Generation Z is also a part of our union and is the driving force behind our industrial action and strike this summer.

In Turkey, we have been going through a very similar process for quite a long time. A similar tragic train accident took place in Çorlu in 2018. Beyond the pressure and repression targeting workers’ right to organize, we are experiencing a broad wave of pressure and mobilization that extends even to the municipalities. But unlike Serbia, trade unions in Turkey are not part of these mobilizations — in fact, many avoid them. In your view, is there a connection between the struggle workers are currently waging for their most fundamental rights, such as collective bargaining and fair wages, and the mass mobilizations that have been ongoing for a year?

I think what connects our two societies is authoritarianism and high levels of corruption which is seeded deep into our institutions and society. This is a fertile ground for right wing mobilization and policies which in turn always ends in the repression of independent unions and activists. This is what we are facing, and we need to endure if we truly want to be an advocate for real change.

On the other hand, in times like these unions need to show a level of flexibility, but never when it comes to basic freedoms, that’s what should never be compromised.

Could you also talk a bit about the state of trade unions in Serbia and about your own union? How well organized are unions in Serbia, and how would you assess their independence from the government and employers?

Unions in Serbia are under real pressure and are easily swayed. There aren’t many that can keep their independence for long periods of time. The ruling party knows that unions have limited resources and that it can always outlast them when it comes to pressure and political games. That’s what they will try to do in our case as well.

Finally, we are already making an effort to ensure that the campaign is heard both nationally and internationally. Apart from this, is there anything you would like to ask from our readers or from those who become aware of your campaign?

I would like to ask your readers to spread the word of unionism and its importance not just for workers’ rights but more broadly for the rule of law and freedom of speech and association, especially to those who show disinterest in the matter considering unionism as a thing of the past.

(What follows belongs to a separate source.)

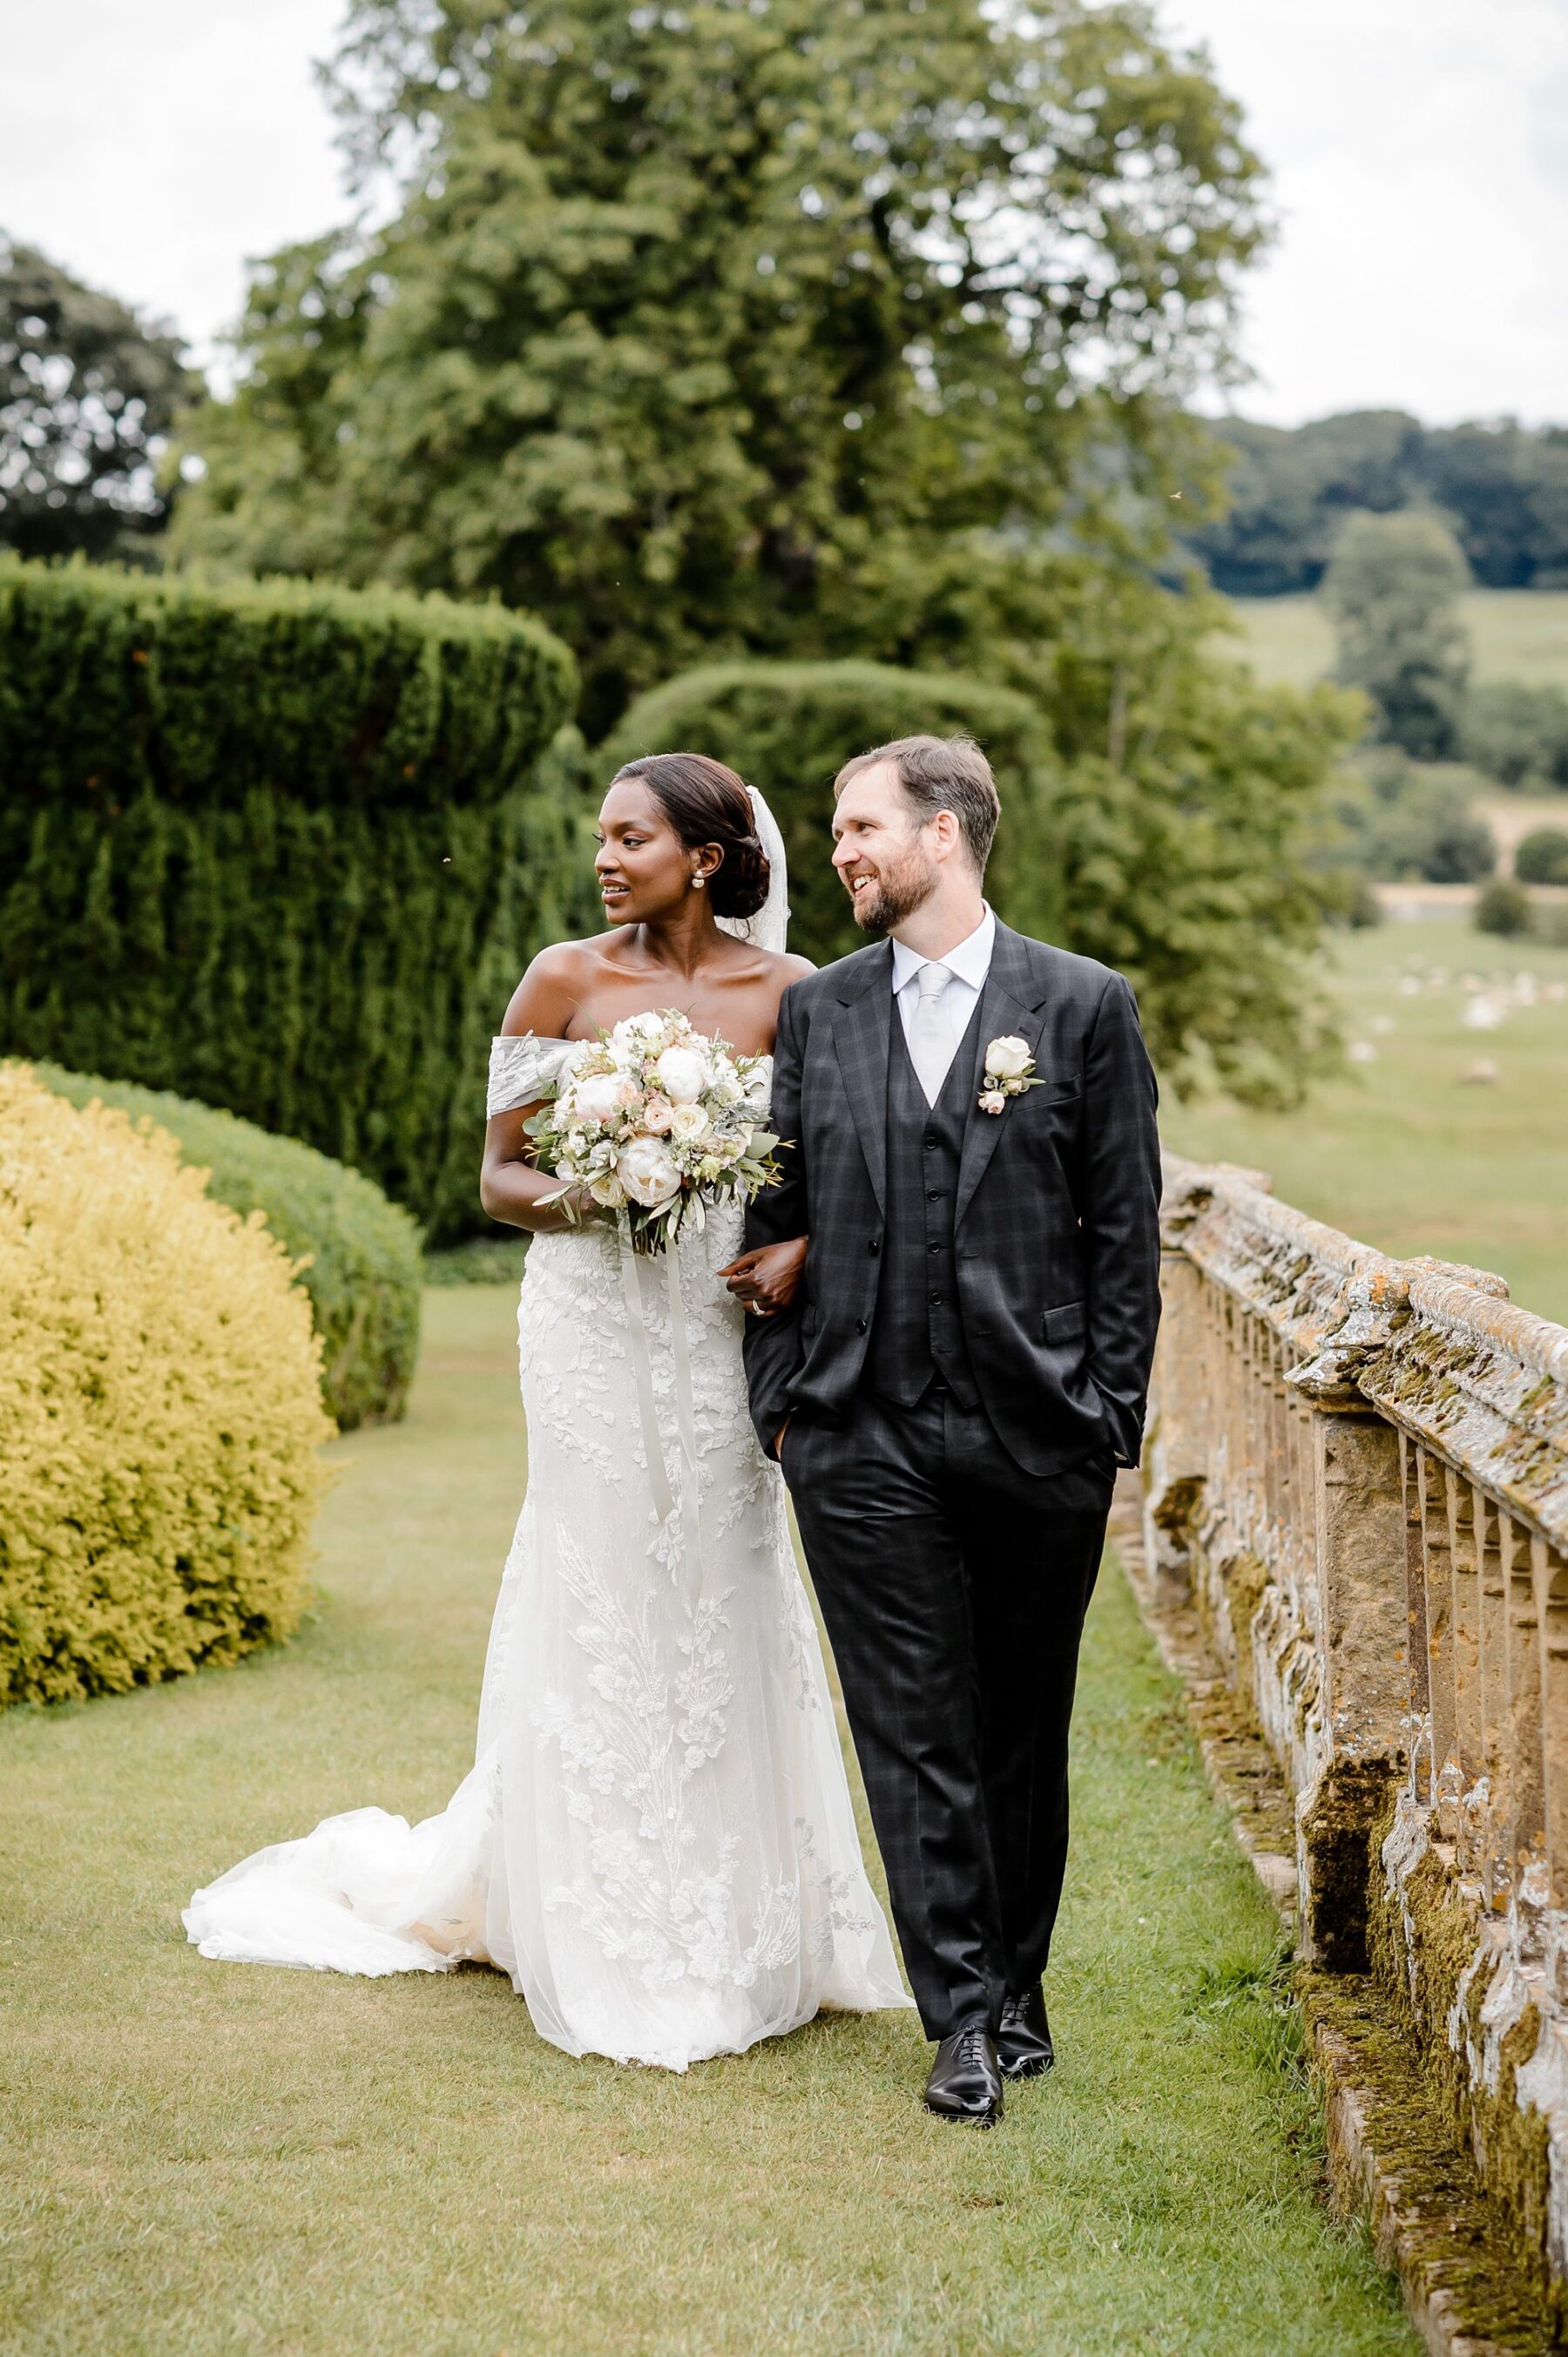 Eucalyptus Events, Cotswolds Wedding Planner - mixed race bride and groom. Beautiful black bride in off the shoulder dress and groom in checked suit.

If it wasn’t for the unions people would not have most of the rights they have now, like a 40-hour work week for example, most people today are not aware of that, the system hides the importance of unions very well, it’s up to us to spread it.

Also, union leaders cannot be punished politically for protecting the rights of people they represent. The status of union leaders needs to be considered as one of the main parameters for the level of freedom and democracy in a society.